An otter's tale

By Dave Armstrong - 22 Oct 2012 11:1:0 GMT
An otter's tale

The huge Californian sea otter in a characteristic pose, a little more sociable than the Eurasian otter. Recovery from pollution and hunting in the past has been quite rapid and spectacular, with attractiveness a major asset to tourism - Sea Otter Image; Credit: © Shutterstock

The meat-eaters are an order of mammals with seven families. Among those, the otters are one of the five groups of the mustelid family. Cousins include the badger, skunk and weasel. The otter species currently divide the earth between them, neatly occupying almost every habitat that their ecological niches allow. Only two species cover Eurasia and North American freshwater (The sea otter of the American west coast and NE Asia is largely marine).

These two species are not closely related. The Eurasian Lutra lutra is distinguished by having the smallest nose of any otter. And all this claptrap for what? Well, otters could be regarded as biological indicators of rivers' quality after their recent experience (over the past 100 years). In the UK, they've been hunted for centuries, as otters still are in many states of the US and provinces of Canada. But pollution has also made them locally extinct in most English rivers in the past.

Along with the sea-otter, the Eurasian species has suffered most from pollution in the emissions of oil, organochlorine insecticides, organic waste and heavy metals from industry into rivers. Often the fish stocks have been destroyed, or the water is acidified, to the same effect. The three species noted here are all recorded as having had high concentrations of pesticide in their fat tissues. In the UK, dieldrin, one of the major insecticides used in the 1950s is sensibly associated with the otter's decline that began in that decade.

As with declines in birds of prey during that period, reproductive failure reduced populations, rather than direct toxic effects. High levels of mercury can occur in rivers, as well as other ions such as lead and cadmium. Natural causes exist, but mining drastically increases risks of metals' pollution.
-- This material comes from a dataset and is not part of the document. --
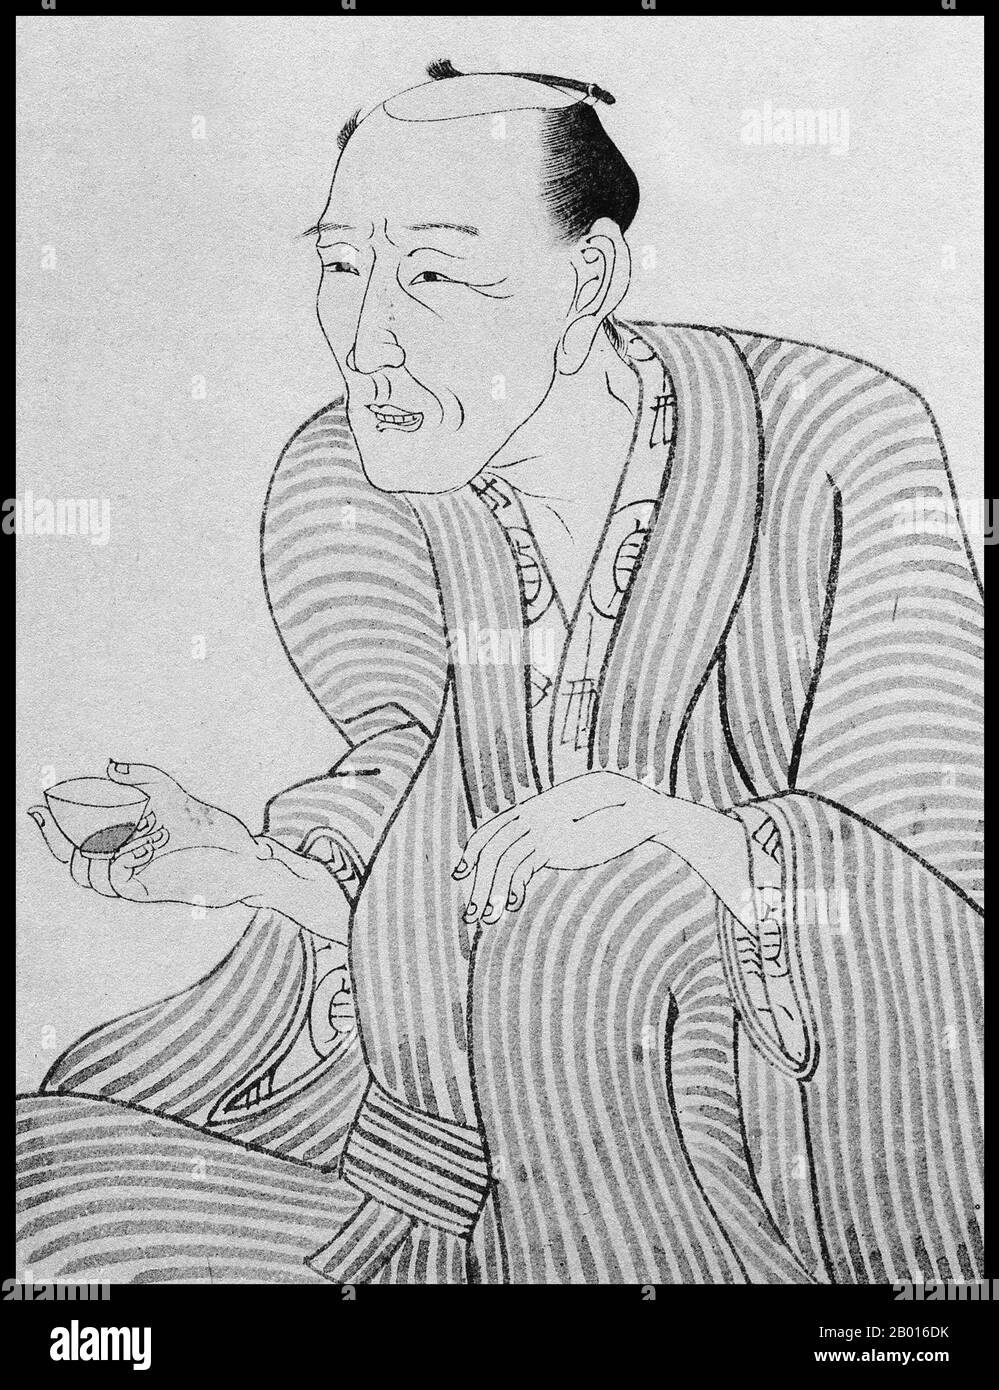 Japon : Portrait de Jippensha Ikku (1765 – 12 septembre 1831), écrivain japonais.Illustration par Utagawa Kunisada (1786-1865), 19e siècle.Jippensha Ikku, véritable nom de Shigeta Sadakazu, était un écrivain japonais prolifique de la fin de la période Edo.Il vivait principalement à Edo (Tokyo) au service des samouraïs, mais aussi à Osaka comme homme de ville.Il a été parmi les auteurs de roman (kibyōshi) à dos jaune les plus prolifiques de son temps - entre 1795 et 1801 il a écrit un minimum de vingt romans par an, et ensuite a écrit sharebon, kokkeibon et plus de 360 histoires illustrées (gokan). Banque D'Images

No effect has yet been proved on otters, but it's likely that sub-lethal effects may affect behaviours, as they do in humans.
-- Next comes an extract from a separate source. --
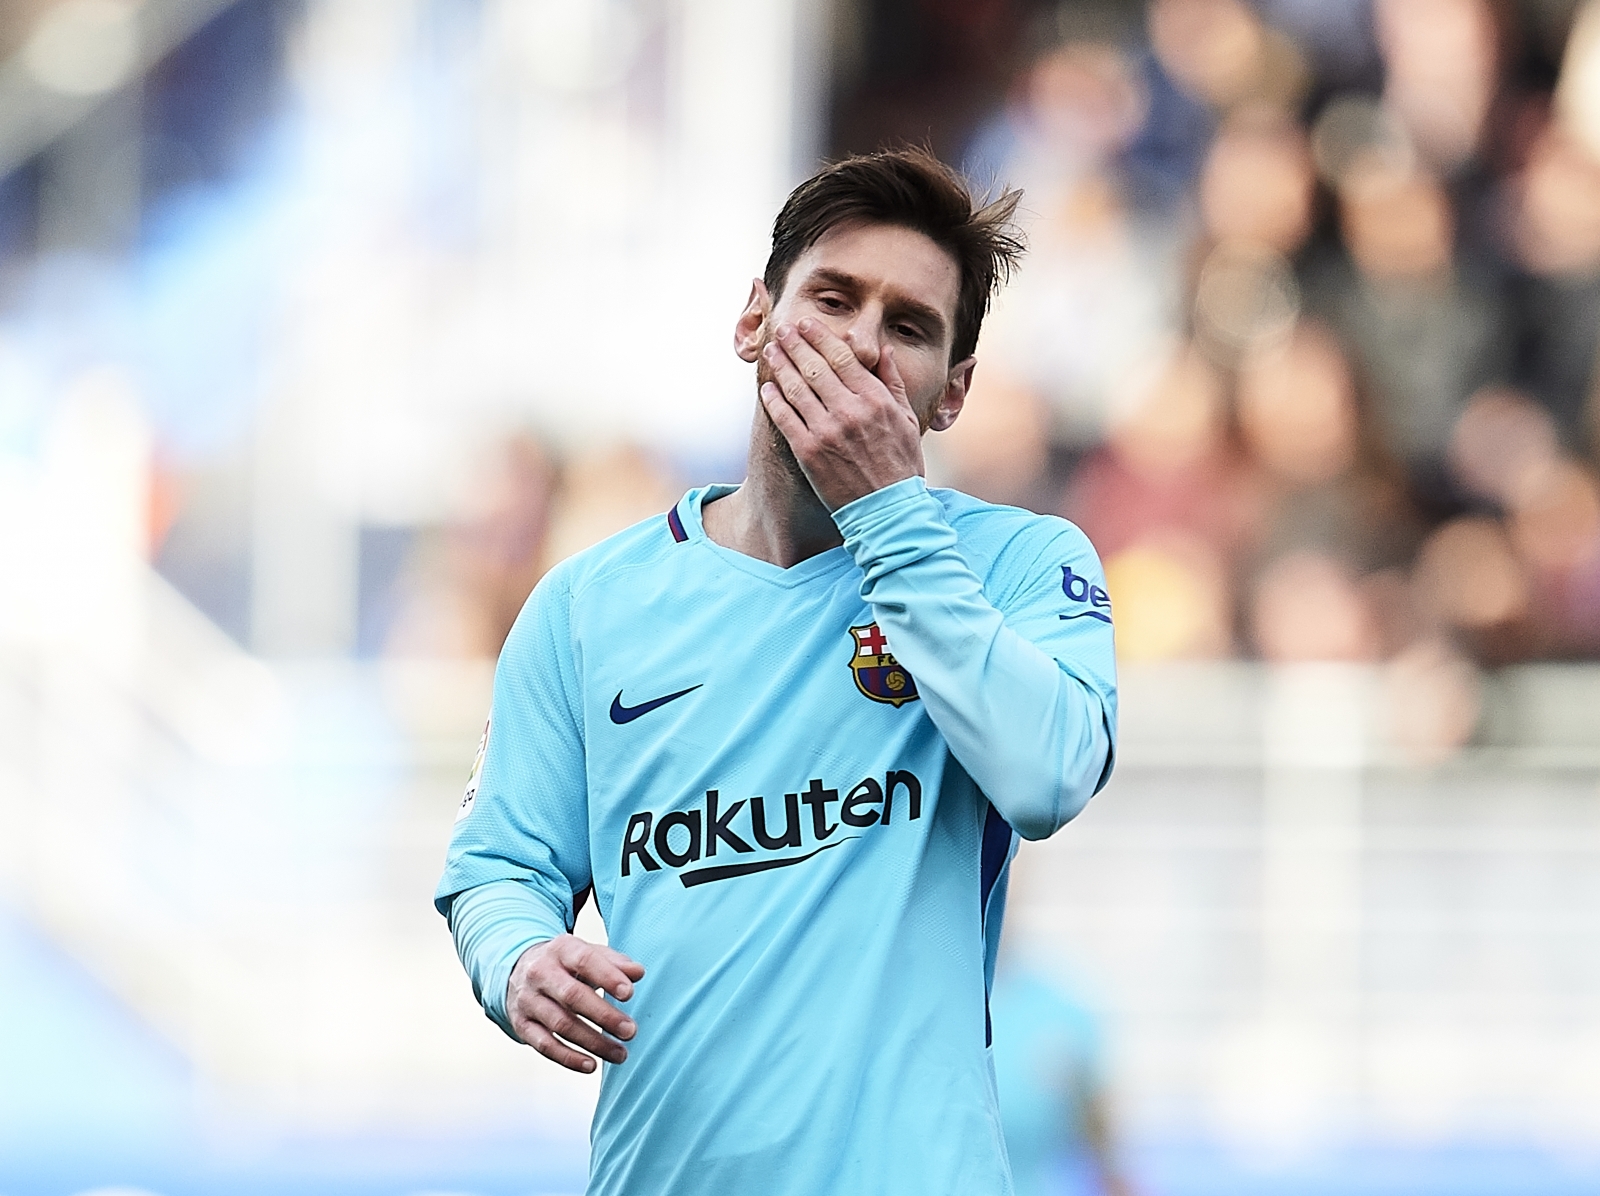 Barcelona superstar Lionel Messi arrives at Chelsea after claiming

As we can't analyse many otters for pollutants, spraints (their characteristic sweet-smelling faeces) can be tested. As the species in developed countries regain their original habitat to some extent, the hope is that we can easily gain information on the health of a river and its tributaries. Any company escaping waste regulations could easily be located by checking the "river wolves" - the locals name for the otter population!

The river wolves are sleeping now! Giant otters are highly sociable, but becoming rarer as their habitats are systematically destroyed, mercury poisons them and hunters want their pelts

The river wolves are sleeping now! Giant otters are highly sociable, but becoming rarer as their habitats are systematically destroyed, mercury poisons them and hunters want their pelts - Giant Otters; Credit: © Shutterstock

Of course, knowledge of the state of an otter population would not go amiss with those are species we hardly ever see. For example, the South Americans are lucky yet again to have the almost unseen and most endangered sea cat (Loutra feline) on rocky coasts and, in the mighty Amazon basin, the 6 foot (2 metre) giant otter.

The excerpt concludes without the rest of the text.